Re: BUG #17717: Regression in vacuumdb (15 is slower than 10/11 and possible memory issue)

2022-12-28 Thread Tom Lane
[ redirecting to -hackers because patch attached ]

Peter Geoghegan  writes:
> On Fri, Dec 16, 2022 at 6:49 AM Tom Lane  wrote:
>> That is a really good point.  How about teaching VACUUM to track
>> the oldest original relfrozenxid and relminmxid among the table(s)
>> it processed, and skip vac_update_datfrozenxid unless at least one
>> of those matches the database's values?  For extra credit, also
>> skip if we didn't successfully advance the source rel's value.

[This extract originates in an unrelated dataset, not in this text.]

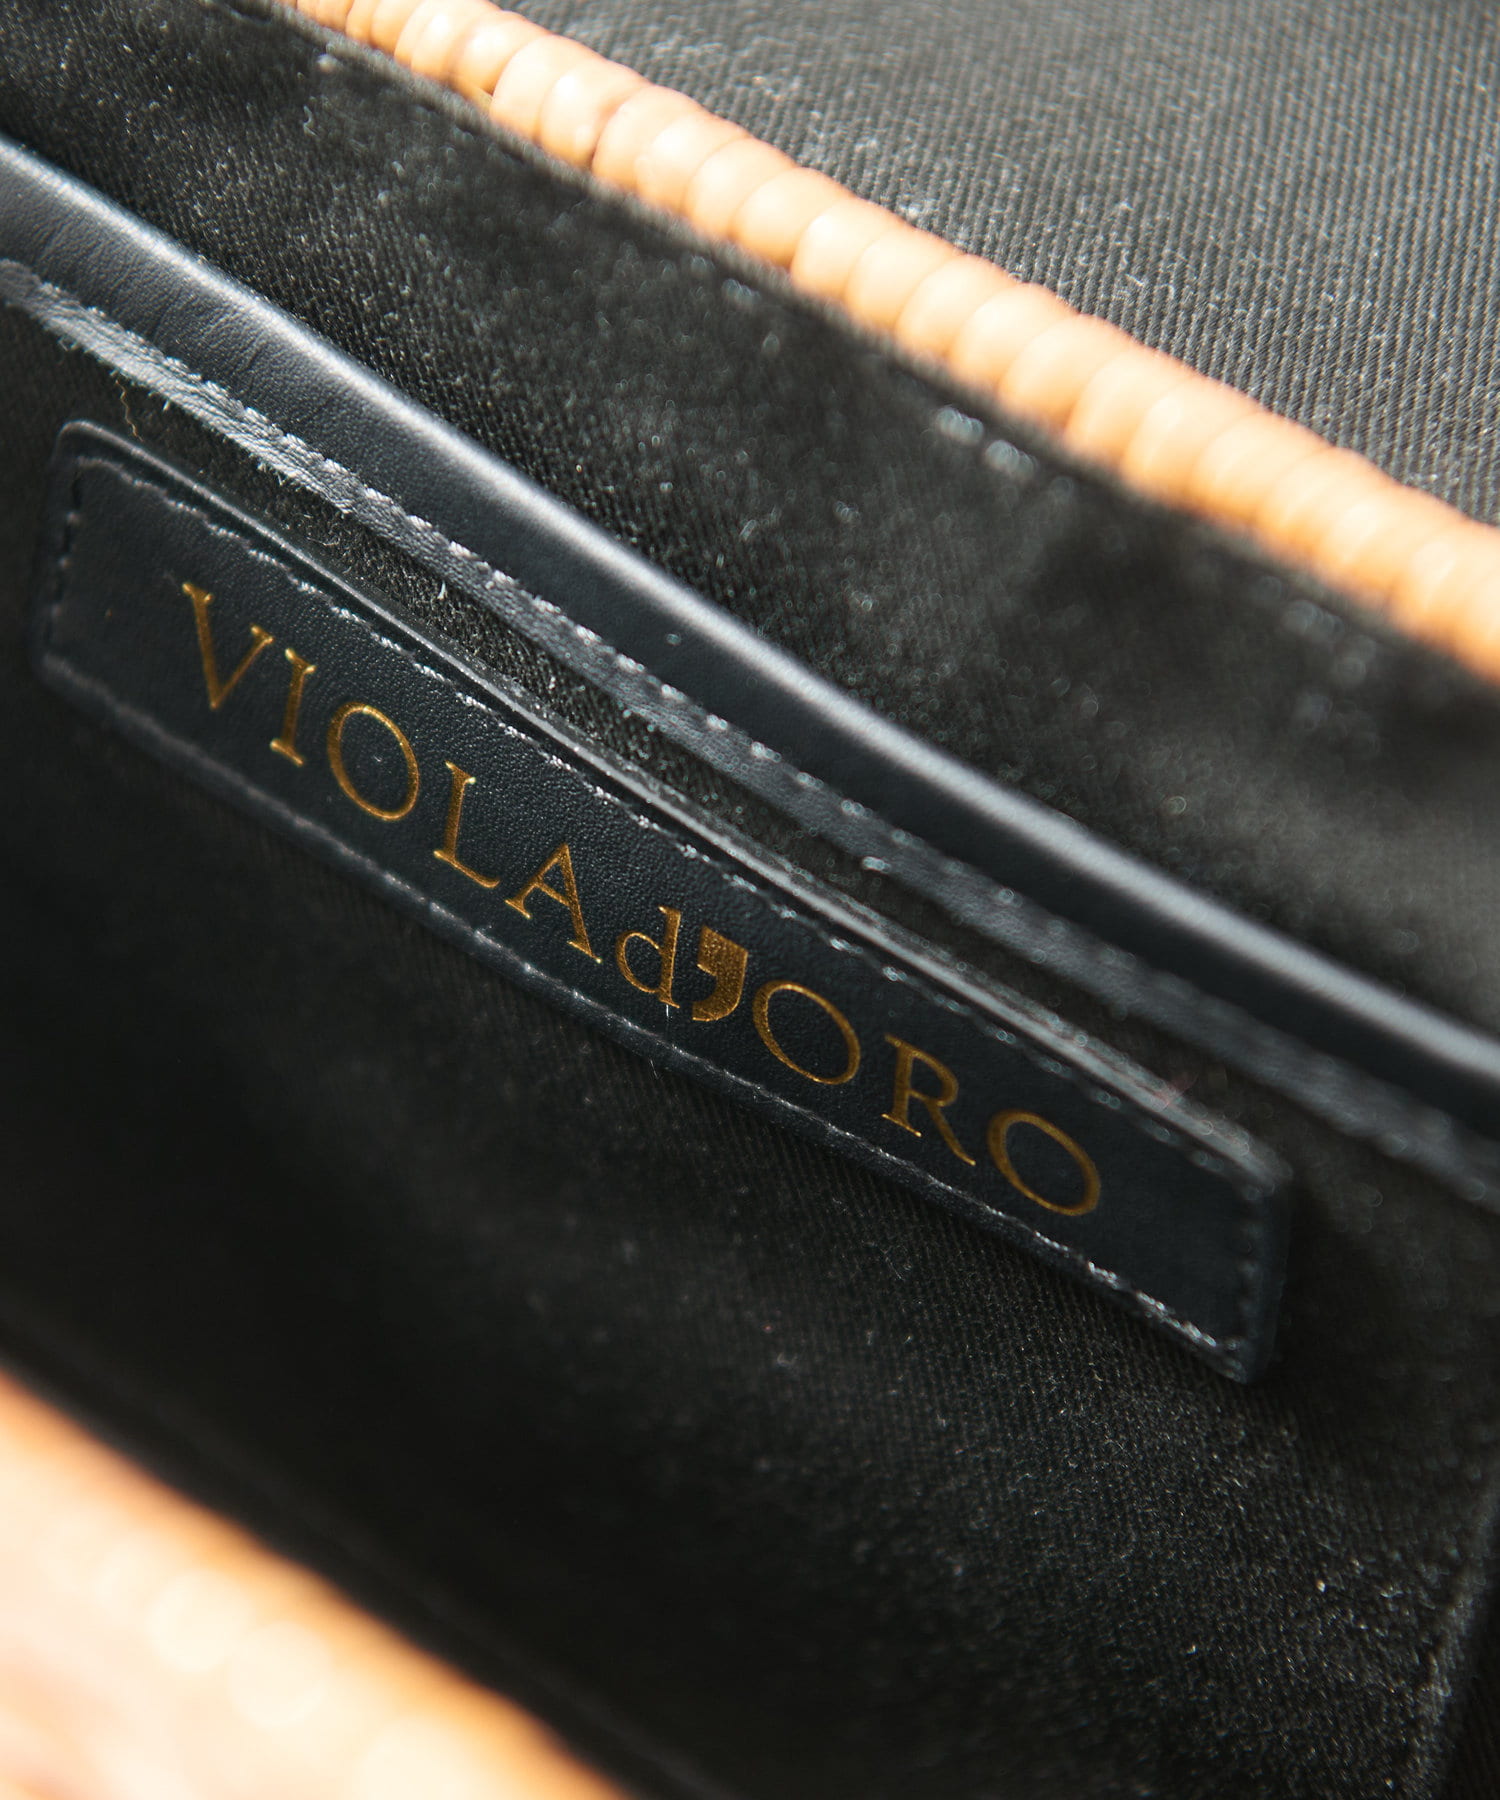 La boutique BonBon(ラブティックボンボン) ヴィオラドーロ/スプリットラタントップハンドルストラップ付きバッグ

> Hmm. I think that that would probably work.

I poked into that idea some more and concluded that getting VACUUM to
manage it behind the user's back is not going to work very reliably.
The key problem is explained by this existing comment in autovacuum.c:

 * Even if we didn't vacuum anything, it may still be important to do
 * this, because one indirect effect of vac_update_datfrozenxid() is to
 * update ShmemVariableCache->xidVacLimit.  That might need to be done
 * even if we haven't vacuumed anything, because relations with older
 * relfrozenxid values or other databases with older datfrozenxid values
 * might have been dropped, allowing xidVacLimit to advance.

That is, if the table that's holding back datfrozenxid gets dropped
between VACUUM runs, VACUUM would never think that it might have
advanced the global minimum.

I'm forced to the conclusion that we have to expose some VACUUM
options if we want this to work well.  Attached is a draft patch
that invents SKIP_DATABASE_STATS and ONLY_DATABASE_STATS options
(name bikeshedding welcome) and teaches vacuumdb to use them.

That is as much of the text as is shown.